Now we construct the posterior

\[ p(\theta\mid y) \propto p(\theta) \; p(y\mid \theta) \]
\[ \propto \mathcal{N}\bigl(\theta; m \; P ) \; \mathcal{N}\!\Bigl( y;\;A\,C\,\theta,\;A\,Q\,A^\top + R \Bigr) \]

Using established result, we know

\[ p(\theta\mid y) = \mathcal{N}(y; M, \Sigma) \]

Where the posterior covariance is given by

\[ \Sigma \;=\; P - P (AC)^\top \Bigl( A\,Q\,A^\top + R + (AC) P (AC) ^\top \Bigr)^{-1} (AC) P \]

Or equivalently in a more elegant form

\[ \Sigma \;=\; \bigl[P^{-1} + C^\top A^\top (A\,Q\,A^\top + R)^{-1} A\,C\bigr]^{-1}. \]

And the posterior mean \(M\) is given by

\[ M = m + P (AC)^\top \Bigl( A\,Q\,A^\top + R + (AC) P (AC) ^\top \Bigr)^{-1} (y - ACm) \]

or more elegantly

\[ M = \Sigma\bigl[P^{-1}m + C^\top A^\top (A\,Q\,A^\top + R)^{-1}y\bigr] \]

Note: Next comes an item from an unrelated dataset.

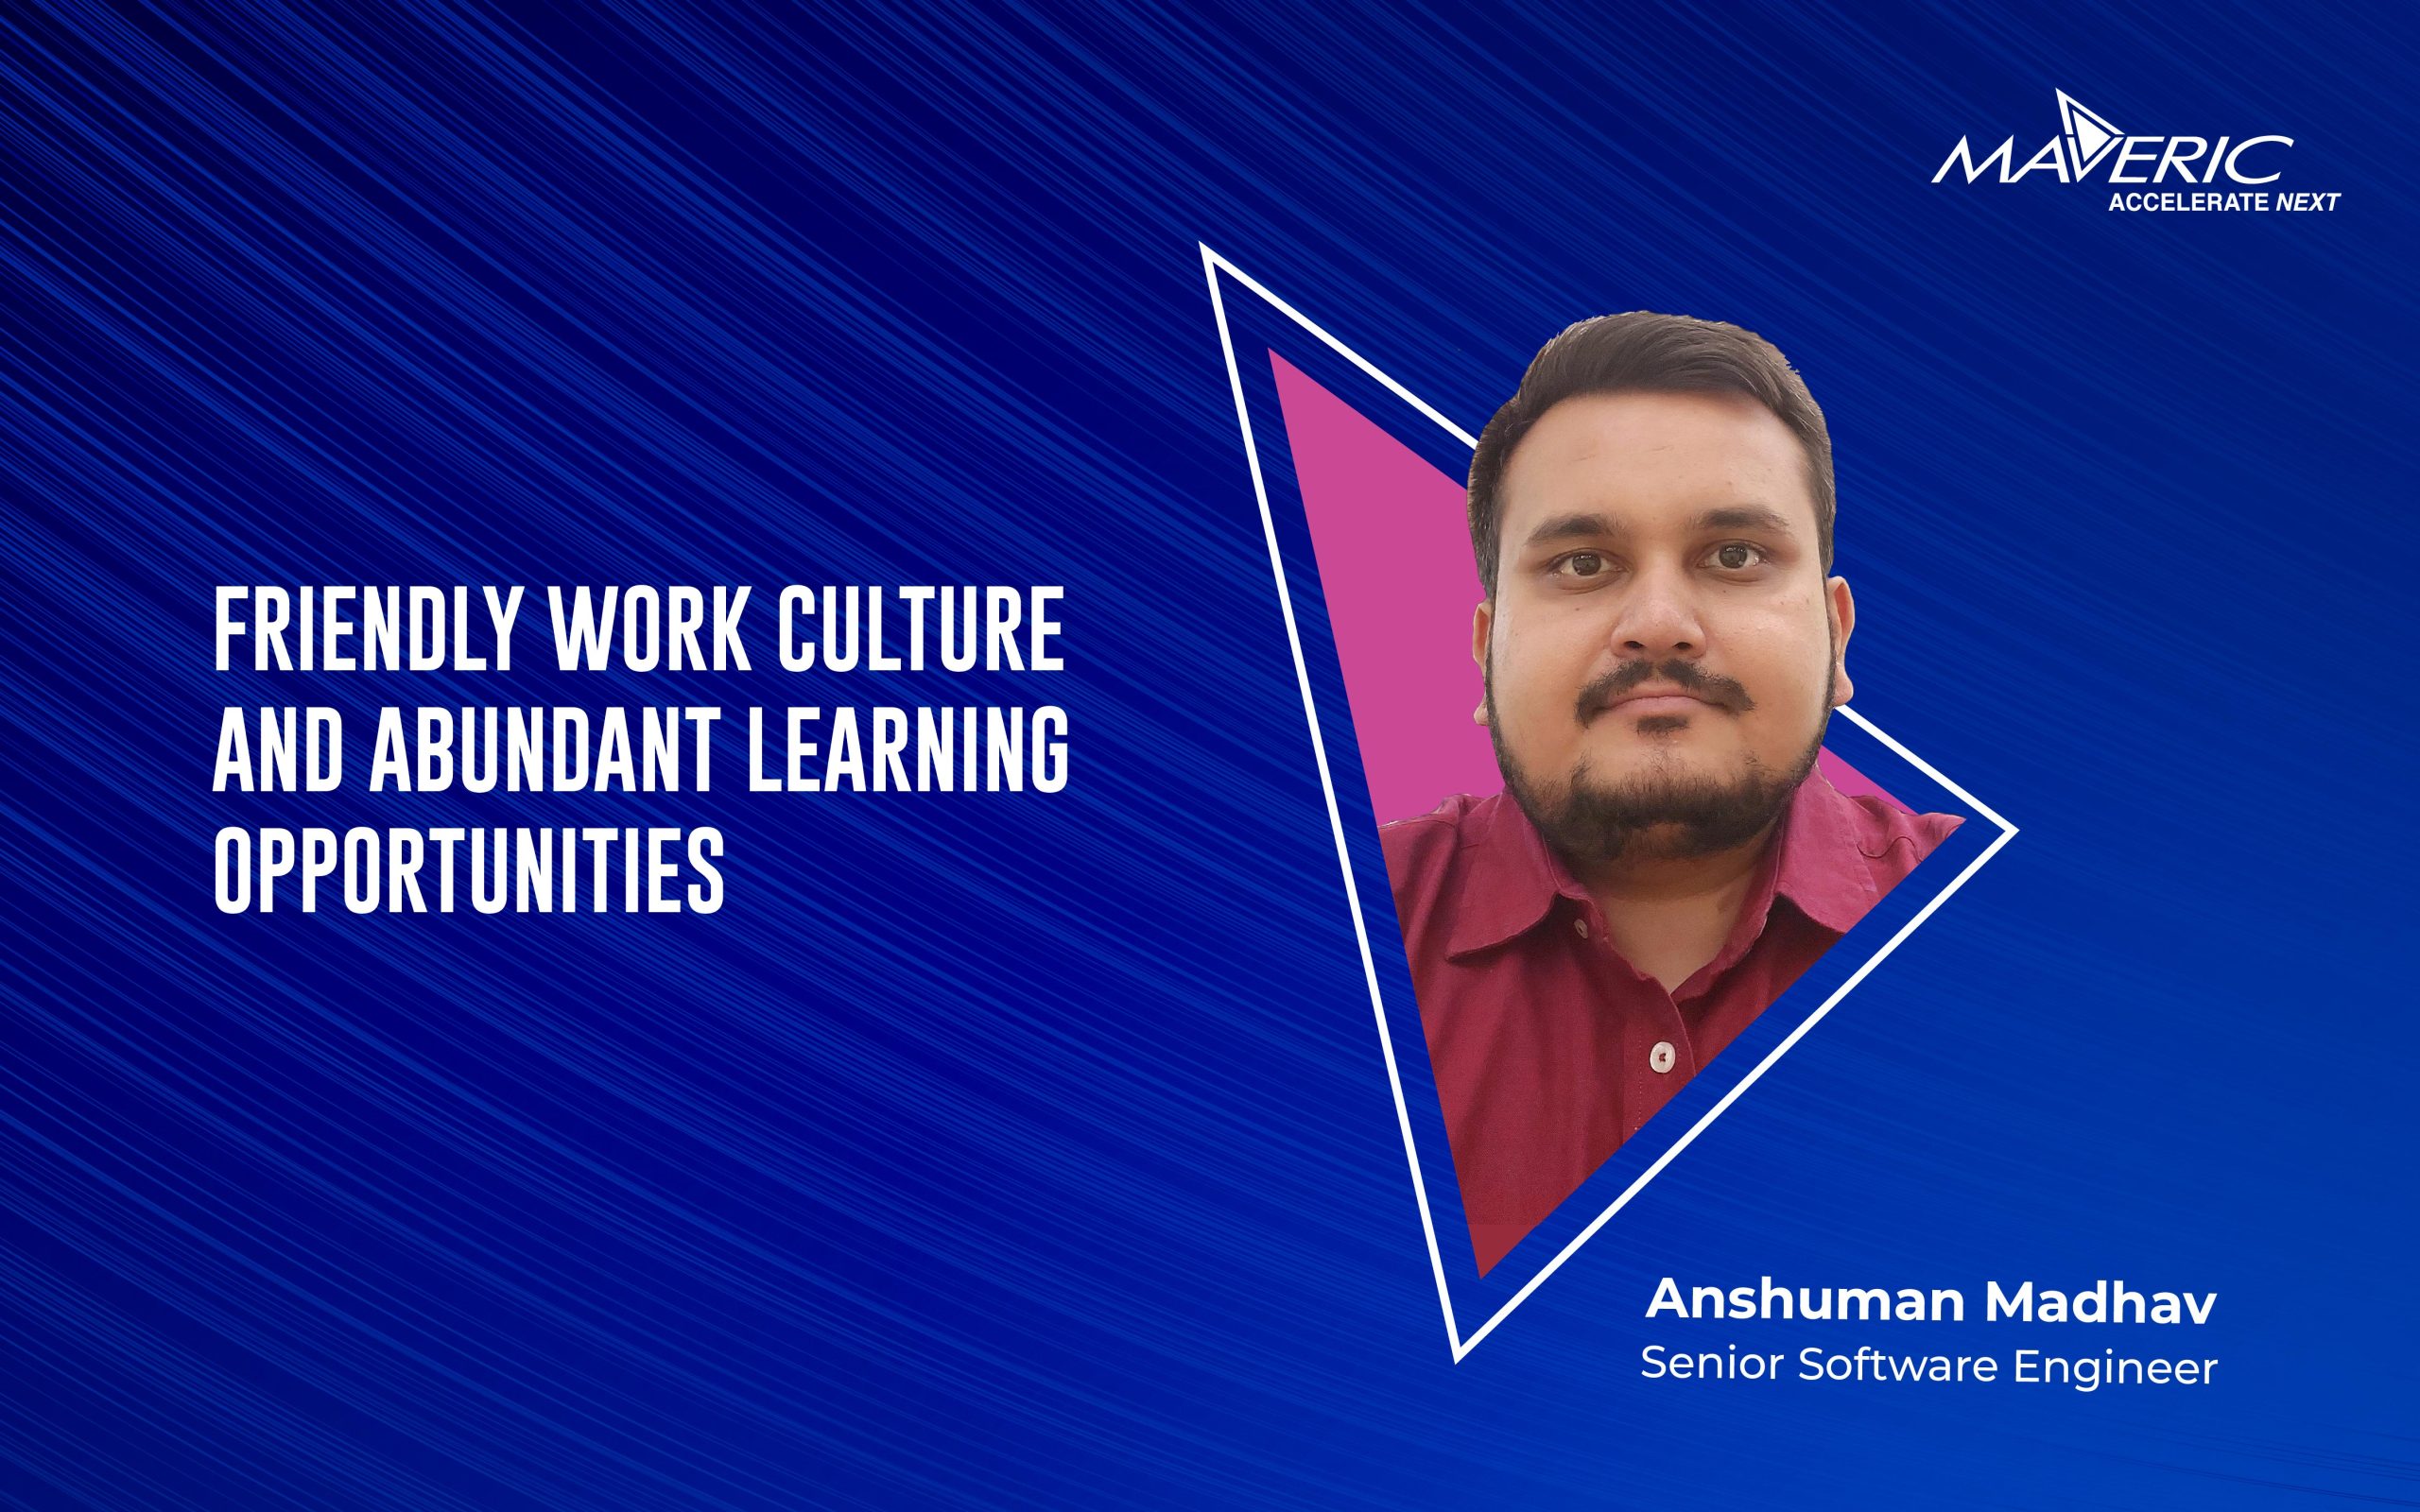 Anshuman Madhav – Senior Software Engineer
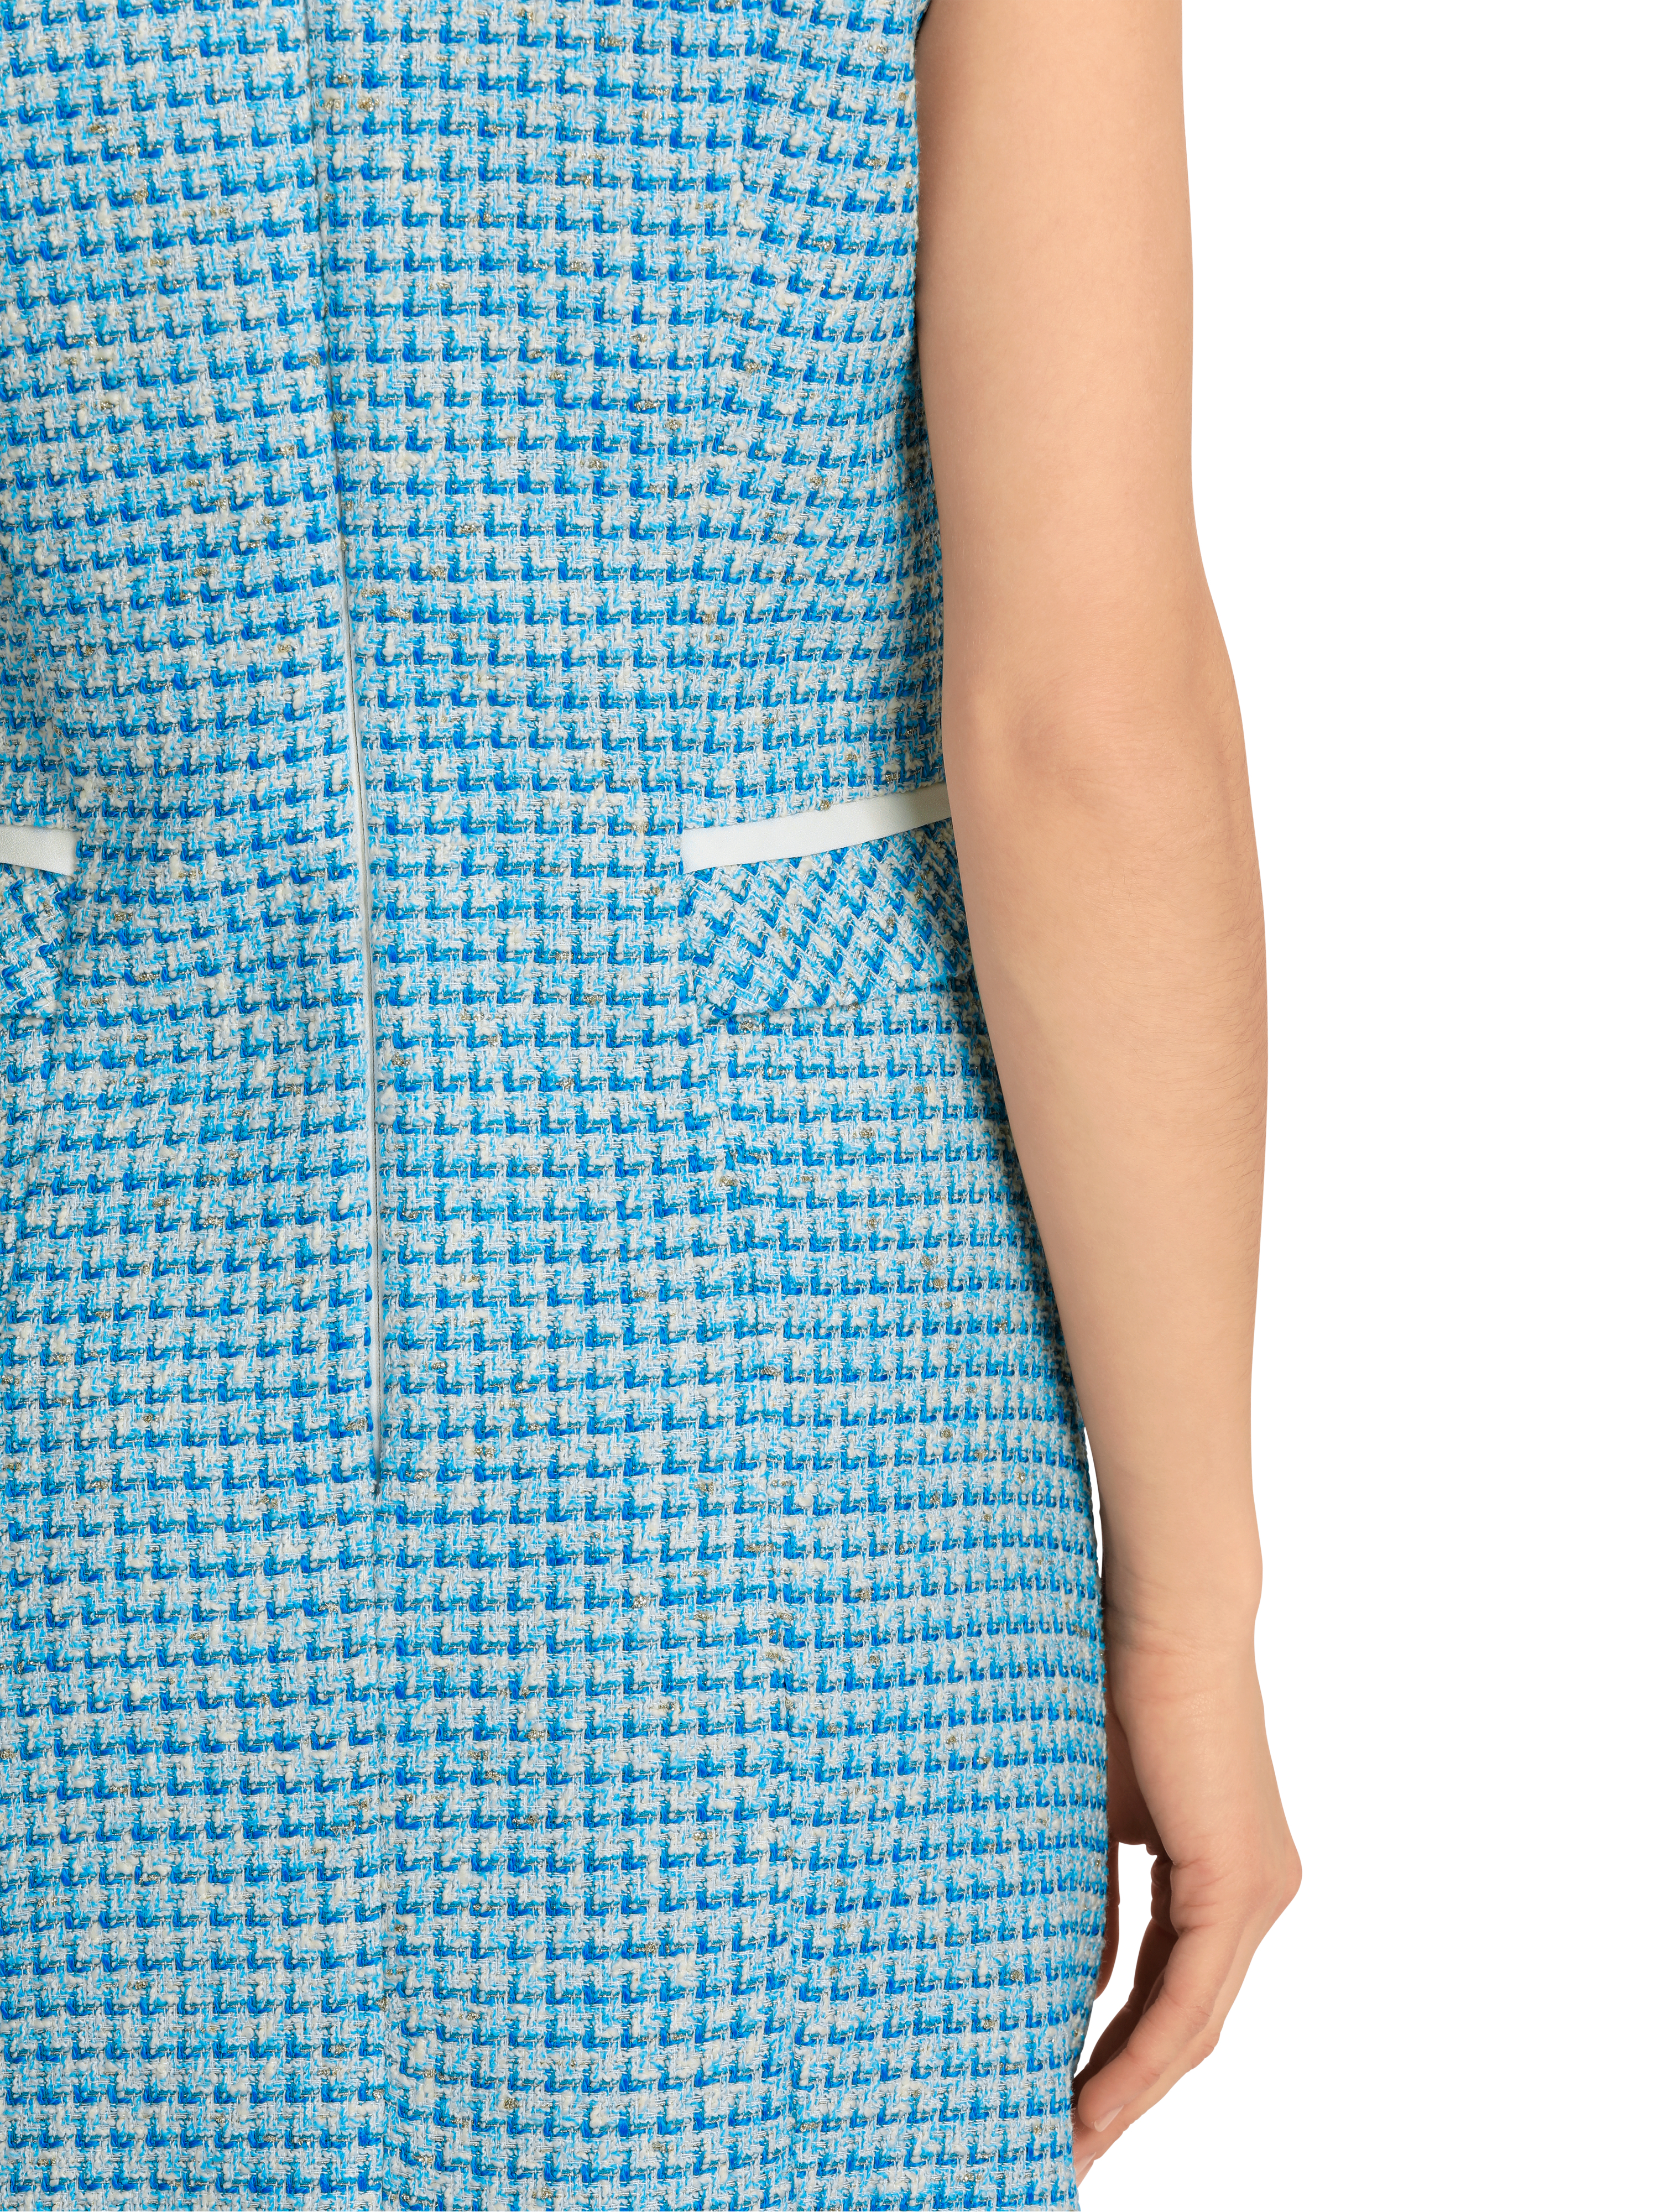 MARC CAIN WC 21.67 W88 Kurzärmliges Kleid mit Karos blau light azure

As an example, consider the following parameters:

\[\begin{split} m = \begin{pmatrix}2 \\[4pt] 0\end{pmatrix},\quad P = \begin{pmatrix}1 & 0\\[4pt] 0 & 1\end{pmatrix},\quad C = \begin{pmatrix}1 & 1\\[4pt] 1 & 1.01\end{pmatrix} \end{split}\]
\[\begin{split} Q = \begin{pmatrix}0.01 & 0\\[4pt] 0 & 0.01\end{pmatrix} A = \begin{pmatrix}1 & 0 \\[4pt]\varepsilon & 0\end{pmatrix},\quad R = \,\begin{pmatrix}\varepsilon & 0\\[4pt] 0 & \varepsilon\end{pmatrix},\quad \end{split}\]

And we observed \( y = \begin{pmatrix}1\\[3pt]1\end{pmatrix}. \)

In this case we know the posterior is

\[ p(\theta\mid y) = \mathcal{N}(y; M, \Sigma) \]

Where \(M, \Sigma\) depends on \(\epsilon\) and is computed as follow:

import numpy as np
import pandas as pd

m = np.array([[2], [0]])
P = np.eye(2)
C = np.array([[1, 1], [1, 1.01]])
Q = 0.01 * np.eye(2)
y = np.array([[1], [1]])
A_base = np.array([[1, 0], [0, 0]], dtype=float)  # Base part of A
R_base = np.array([[1, 0], [0, 1]], dtype=float)  # Base part of R

epsilons = np.logspace(-3, 0, num=4)  # 10^-3, 10^-2, 10^-1, 10^0
post_var = []
post_means = []

for epsilon in epsilons:
    A = A_base.copy()
    A[1, 0] = epsilon  # Update A with the varying epsilon
    R = epsilon * R_base  # Update R with the varying epsilon
    S = A @ Q @ A.T + R

    Sigma = np.linalg.inv(P + C.T @ A.T @ np.linalg.inv(S) @ A @ C)
    post_var.append(np.round(Sigma, 4))

    post_mean = Sigma @ (np.linalg.inv(P) @ m + C.T @ A.T @ np.linalg.inv(S) @ y)
    post_means.append(np.round(post_mean.flatten(), 4)) # store 4 digits

# Create a DataFrame for visualization
df_post = pd.DataFrame(
    {"Epsilon": epsilons, 
    "Posterior Mean": post_means,
     "Posterior Variance": post_var}
    )
df_post
Epsilon Posterior Mean Posterior Variance
0 0.001 [1.5032, -0.4968] [[0.5027, -0.4973], [-0.4973, 0.5027]]
1 0.010 [1.5099, -0.4901] [[0.505, -0.495], [-0.495, 0.505]]
2 0.100 [1.5681, -0.4319] [[0.5258, -0.4742], [-0.4742, 0.5258]]
3 1.000 [1.6016, -0.3984] [[0.6016, -0.3984], [-0.3984, 0.6016]]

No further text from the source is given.